According to the Social Security Administration website (ssa.gov) there are different benefits depending on when a person actually retires. Someone can actually receive less than 100% of their SS income if they retire early, but they could also receive more than 100% if they retired later than the age of 67. The SSA website is actually very helpful, but you have to understand that it was probably written by a government administrator and isn’t the easiest of reads. I have provided a summary of information that I found on the SSA website to spare you from reading through the long and complicated version.
Basically, the earliest you can “retire” and receive SS benefits is at the age of 62. At 62 you receive the LEAST amount of benefits at only 70.42% of your total allowable SS benefits. Normal retirement age, as defined by the SSA, is 67 years old. At 67, you would receive 100% of your allowable SS benefits. You can claim your benefits after the “normal retirement age” and actually receive a bonus for doing so. The latest you can wait, and receive any kind of added benefits, is the age of 70. At 70, you would receive 124% of your allowable SS benefits. Below is a chart that shows the different percentages of SS benefits depending on what age you decide to retire.
As you can see, it is MUCH more beneficial to elect to receive SS benefits until after the age of 67. The difference between retiring 3 years earlier (age 64) or 3 years later (age 70) is a 20% decrease or a 24% increase. You get more money for waiting.

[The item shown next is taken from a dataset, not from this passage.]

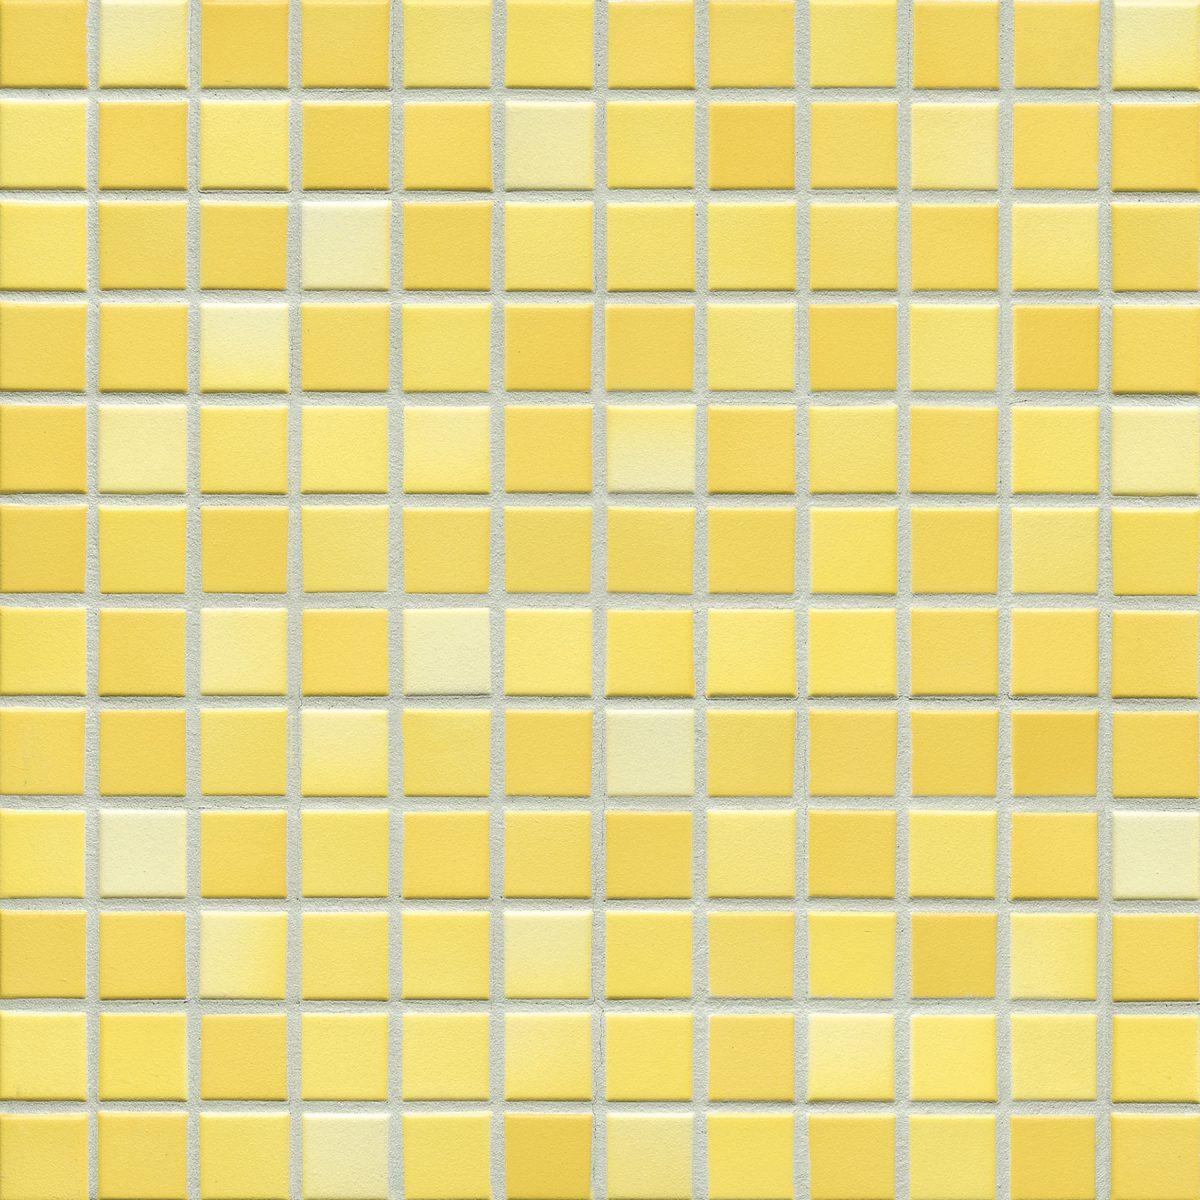 Мозаика серия Fresh 2,4 X 2,4 см Sunshine Yellow Mix Secura (противоскользящая R10/B)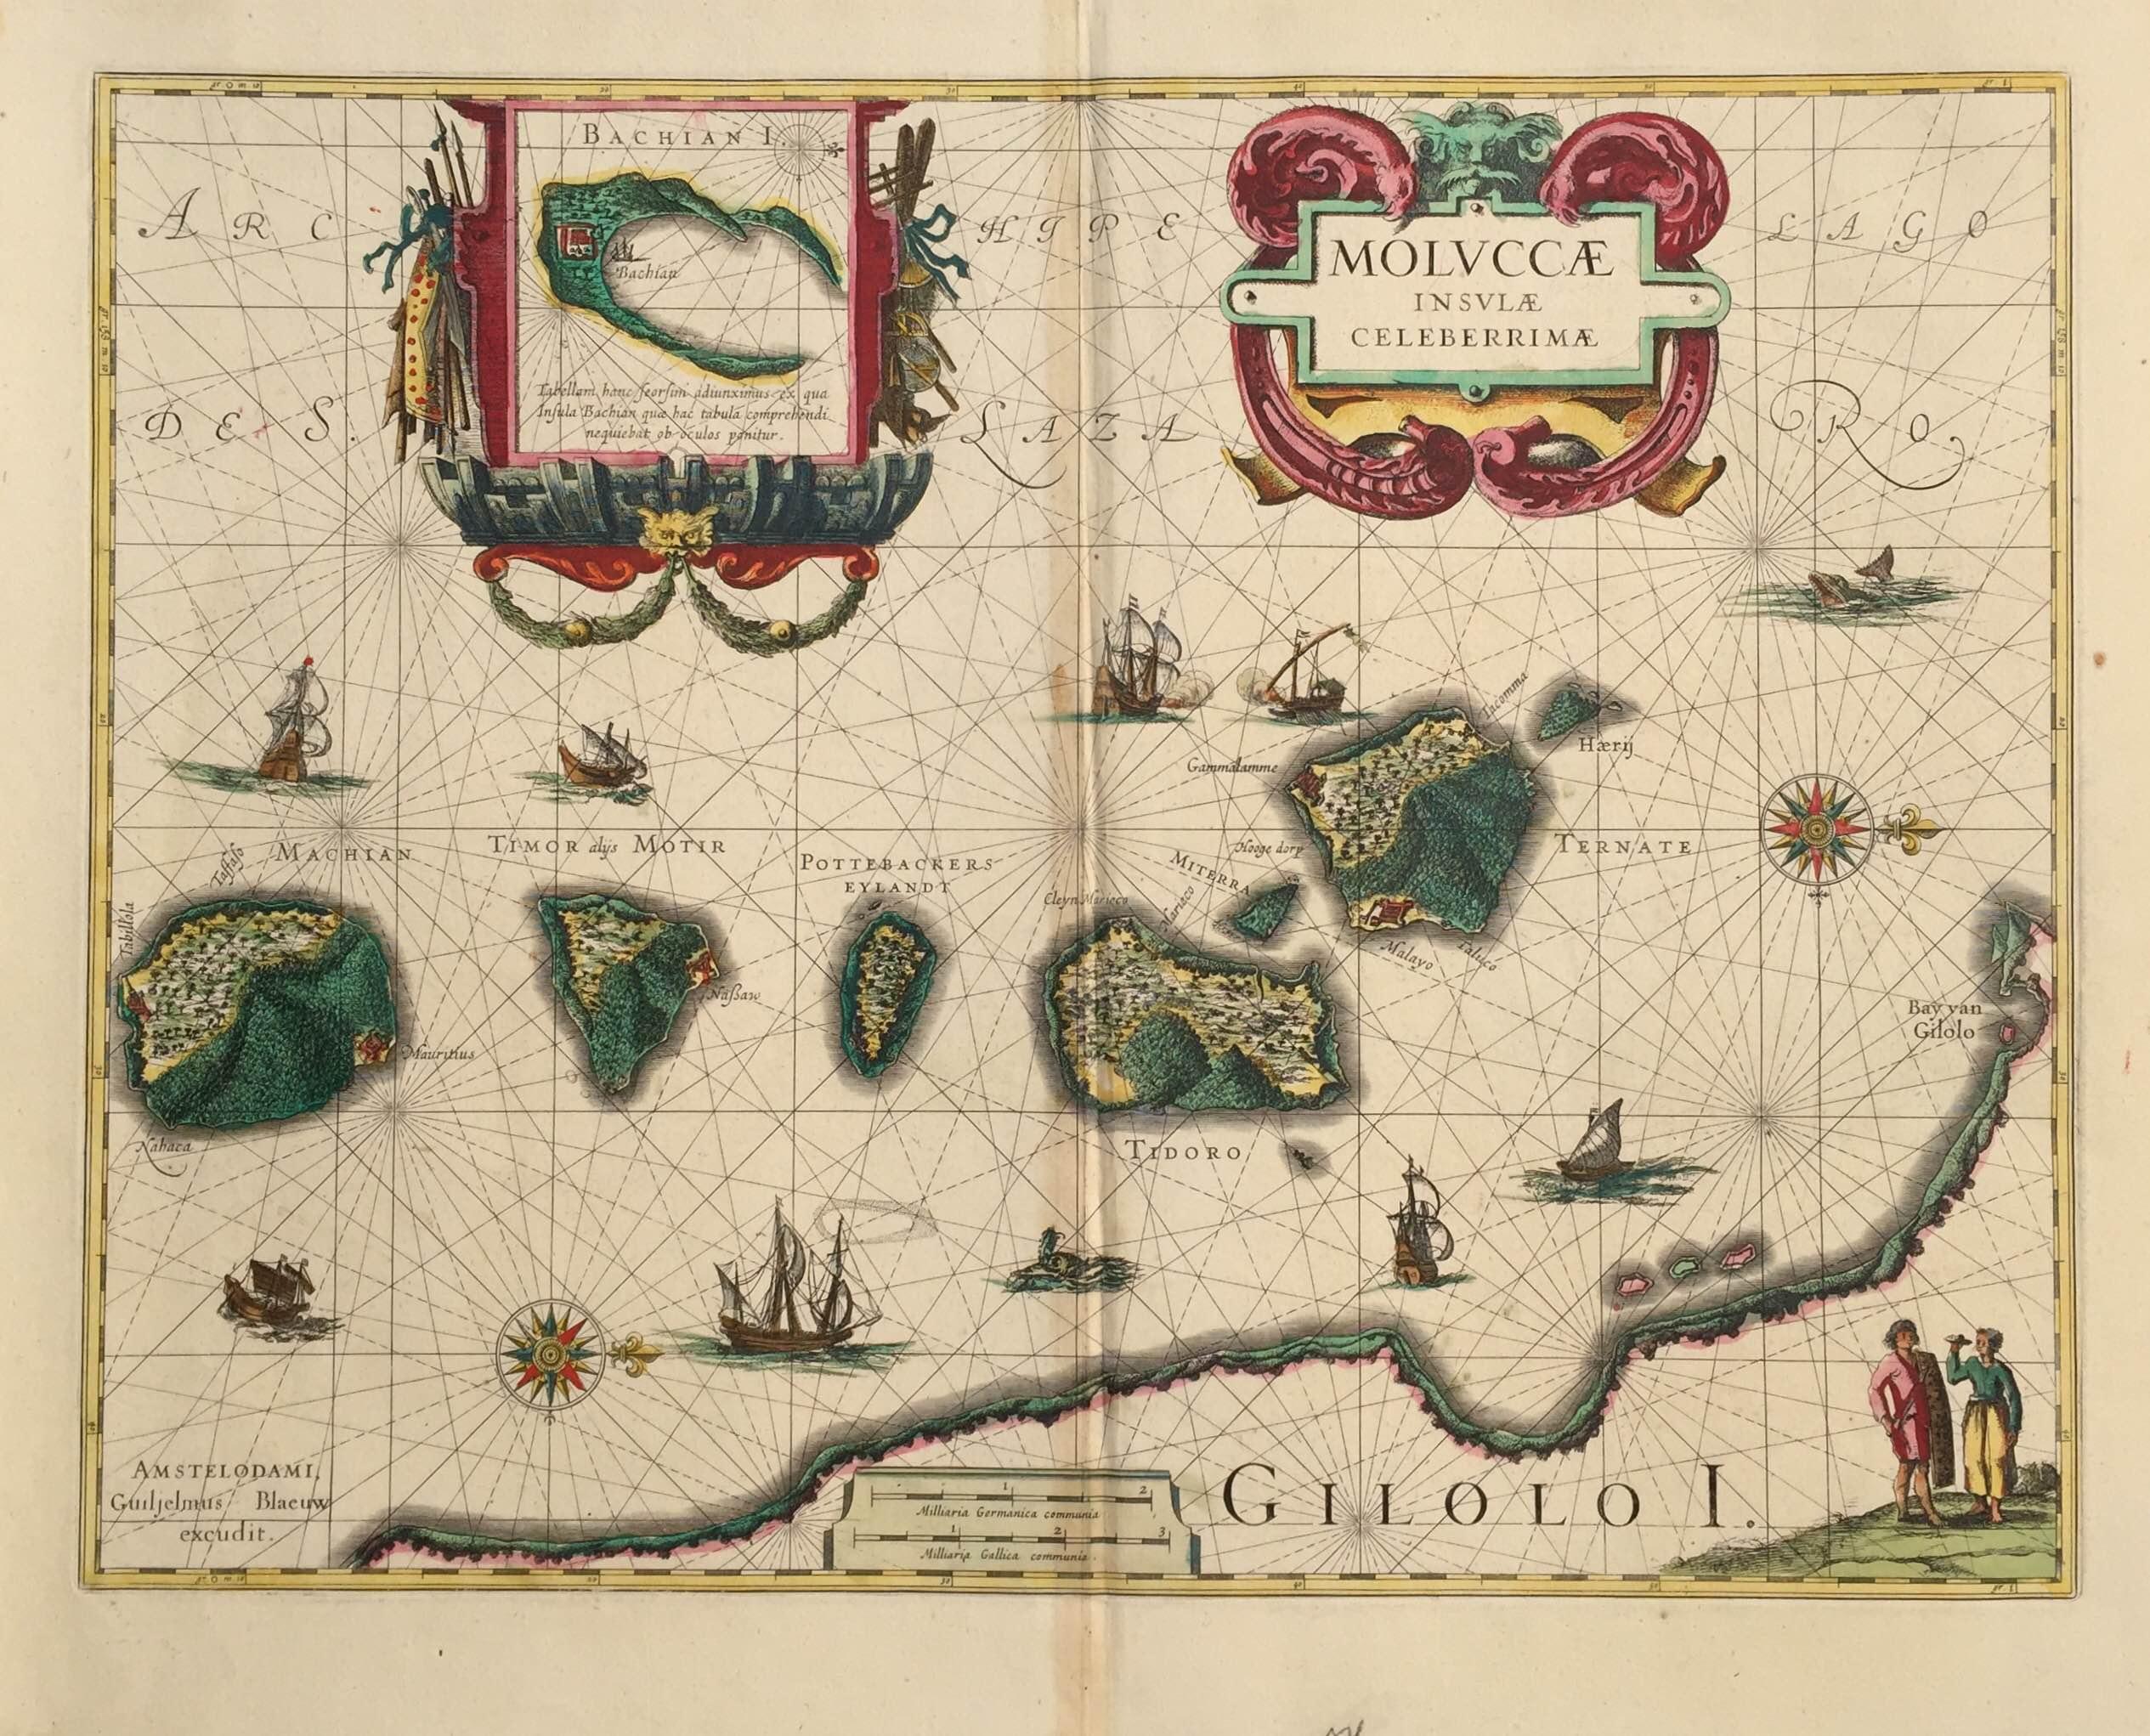 Antique Map Spice Islands by Blaeu (c.1630)

Now, every person is different and everyone has a different scenario when it some to retirement-income needs. Not everyone can wait an extra 3 years to start receiving SS income, some can barely wait until age 62. I wrote this article to try and do 2 things. First, inform people about how the SS benefits work from a general perspective. Secondly, I aim to hopefully motivate people to plan ahead. If you plan on supplementing your retirement with IRAs, Real Estate Investments, Employee Retirement Plans, or another form of retirement investment then you can potentially wait longer to request SS benefits. In other words, you can AFFORD to have patience.